허브의 모델ID나 로컬 파일 경로호출하기

2. 데이터셋 호출하기

pip install datasets
# 데이터셋 설치
from datasets import load_dataset
emotions = load_dataset("emotion")
emotions

<문장에 따라 감정 라벨이 붙어 있는 emotions 데이터임>

3. 전체 데이터 토큰화

1) 함수

def tokenize(batch):
      return tokenizer(batch["text"], padding=True, truncation=True)

- ★ padding : 배치에 있는 가장 긴 샘플 크기에 맞춰 샘플을 0으로 패딩 -> 길이 동일하게 맞춤
- ★ truncation : 모델의 최대 문맥 크기에 맞춰 샘플 자르기

2) mapping하기

emotions_encoded = emotions.map(tokenize, batched=True, batch_size= None)

- ★ batch_size = None 배치 사이즈가 전체(1개)
- emotion dataset에 input ids와 attention mask열을 새롭게 추가됨

---> 데이터 준비 완료!

4. 사용할 모델 로드

import torch
from transformers import AutoModelForSequenceClassification
num_labels=6
model_ckpt = "distilbert-base-uncased"
device= torch.device("cuda" if torch.cuda.is_available() else "cpu")
model = (AutoModelForSequenceClassification.from_pretrained(model_ckpt, num_labels=num_labels).to(device))

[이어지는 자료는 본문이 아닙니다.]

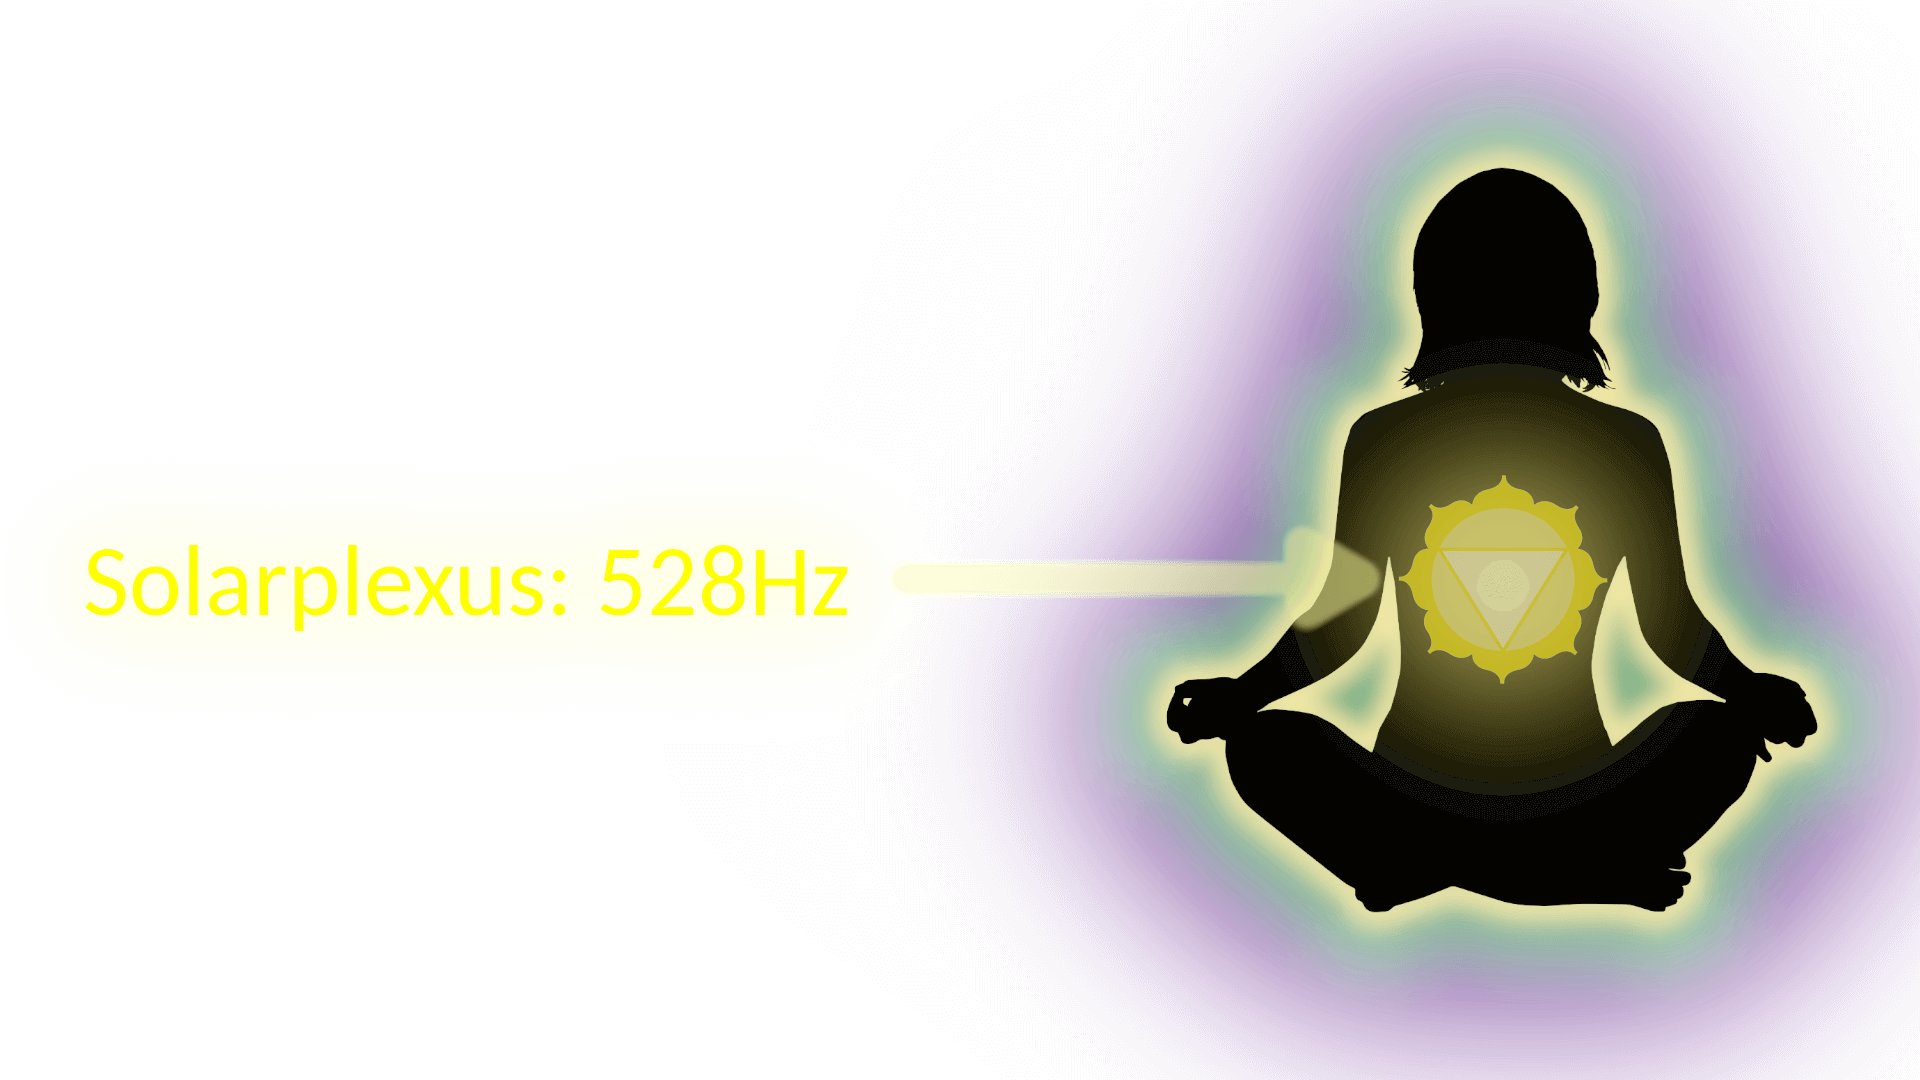 Bild von einer Frau, die meditiert, eine gelbe Markierung zeigt, wo das Solarplexus Chakra (528Hz) ist. Solfeggio Frequenzen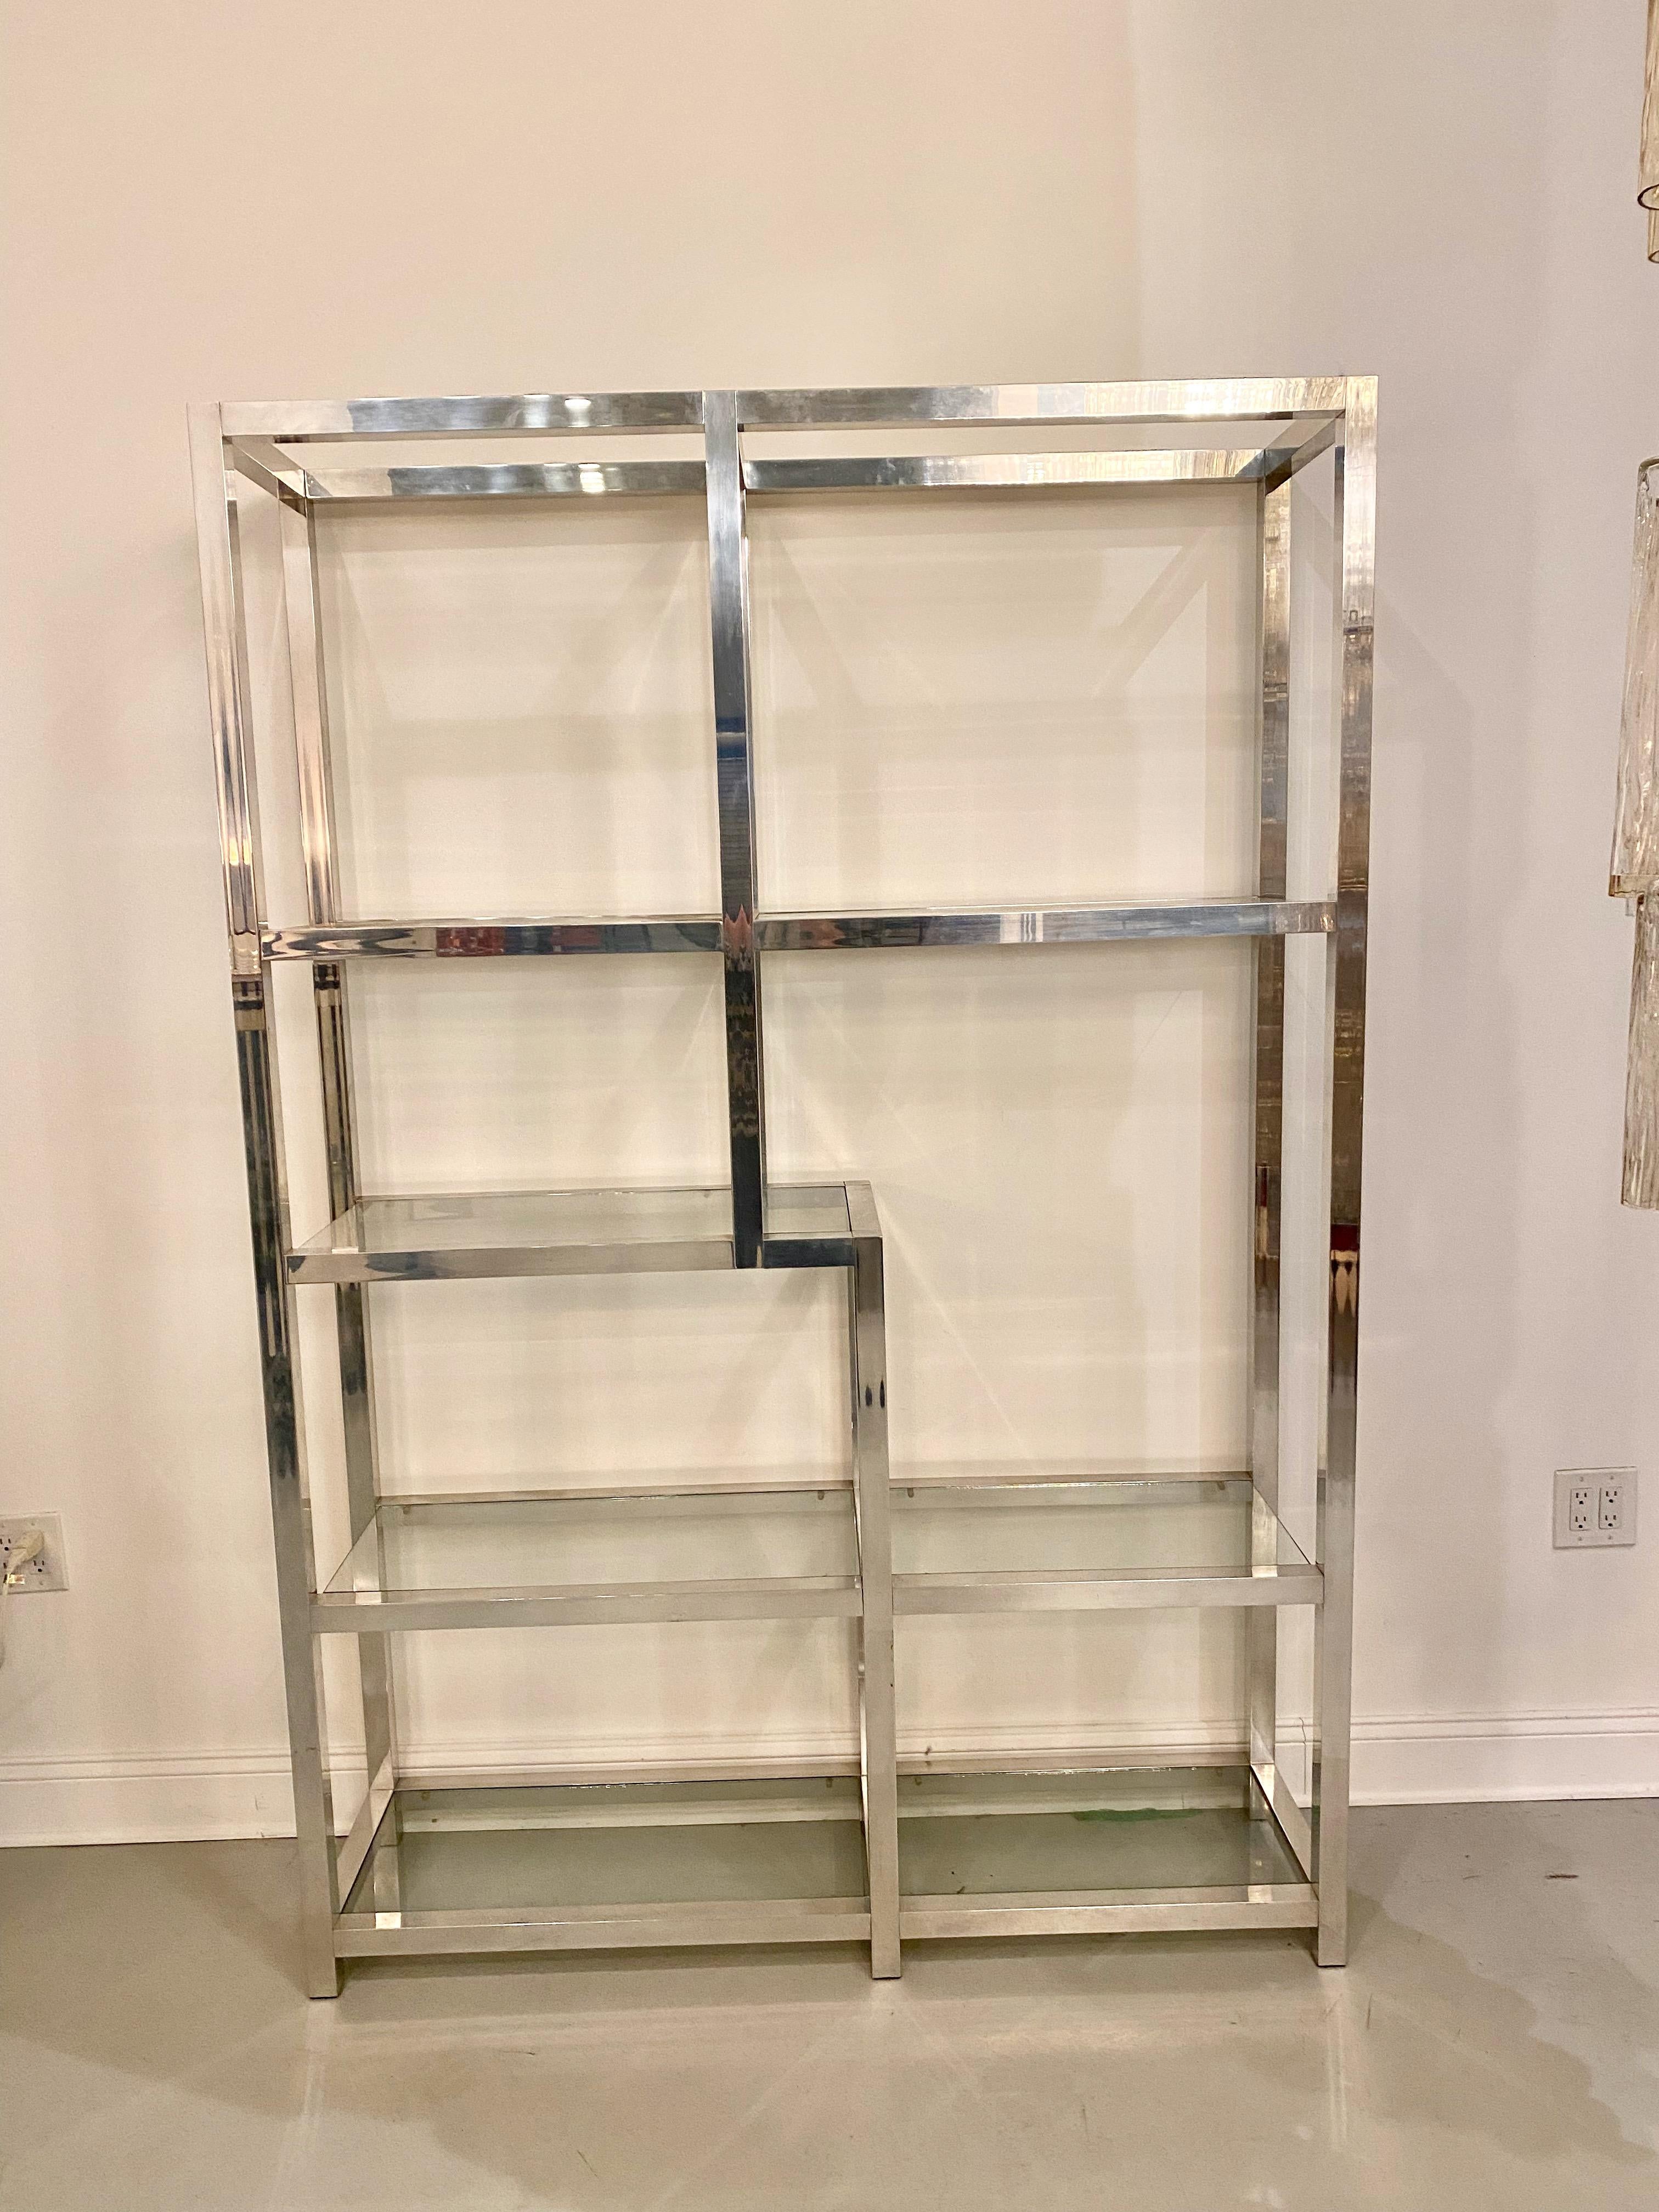 Mid Century Modern display case. Chrome frame holding seven glass shelfs.

- pretrained된 DistilBERT 모델인 AutoModelForSequenceClassification
- 사전 훈련된 모델 출력 위에 베이스모델과 함께 쉽게 훈련할 수 있는 분류 헤드가 있음
- 헤드 출력 크기 정하기 위해 레이블 개수 지정하기

5. 성능평가지표

from sklearn.metrics import accuracy_score, f1_score
def compute_metrics(pred):
  labels = pred.label_ids
  preds = pred.predictions.argmax(-1)
  f1 = f1_score(labels, preds, average="weighted")
  acc = accuracy_score(labels, preds)
  return {"accuracy": acc, "f1": f1}

- 모델 훈련하며 지표가 되는 성능평가표 만들기

- 정확도와 f1 score 사용하기

6. 허깅페이스 로그인

from huggingface_hub import notebook_login
notebook_login()

- 토큰 입력창이 나옴

허깅페이스 > setting > Acess Tokens > 생성하기> 토큰 복사하기

- 토큰 붙여넣기

7. 모델 미세튜닝하기

1) Trainer 클래스

허깅페이스 transformers 라이브러리에서 제공하는 매우 중요한 클래스

모델을 효율적으로 학습하고 평가, 저장, 재활용하는 기능 제공

* 모델 훈련
* 평가
* 저장

from transformers import Trainer, TrainingArguments

# 모델과 데이터셋 준비 (예시)
model = ...  # 예: BERT 모델 불러오기
train_dataset = ...  # 학습용 데이터셋

# 훈련 설정
training_args = TrainingArguments(
    output_dir='./my_model',  # 모델이 저장될 디렉토리
    num_train_epochs=3,       # 학습할 에폭 수
    per_device_train_batch_size=16,  # 각 디바이스에서의 배치 크기
)

# Trainer 설정
trainer = Trainer(
    model=model,                 # 훈련할 모델
    args=training_args,           # 훈련 설정
    train_dataset=train_dataset,  # 학습 데이터셋
)

# 훈련 시작
trainer.train()

# 모델이 './my_model' 디렉토리에 저장됨


from transformers import AutoModelForSequenceClassification

# 저장된 모델 불러오기
model = AutoModelForSequenceClassification.from_pretrained('./my_model')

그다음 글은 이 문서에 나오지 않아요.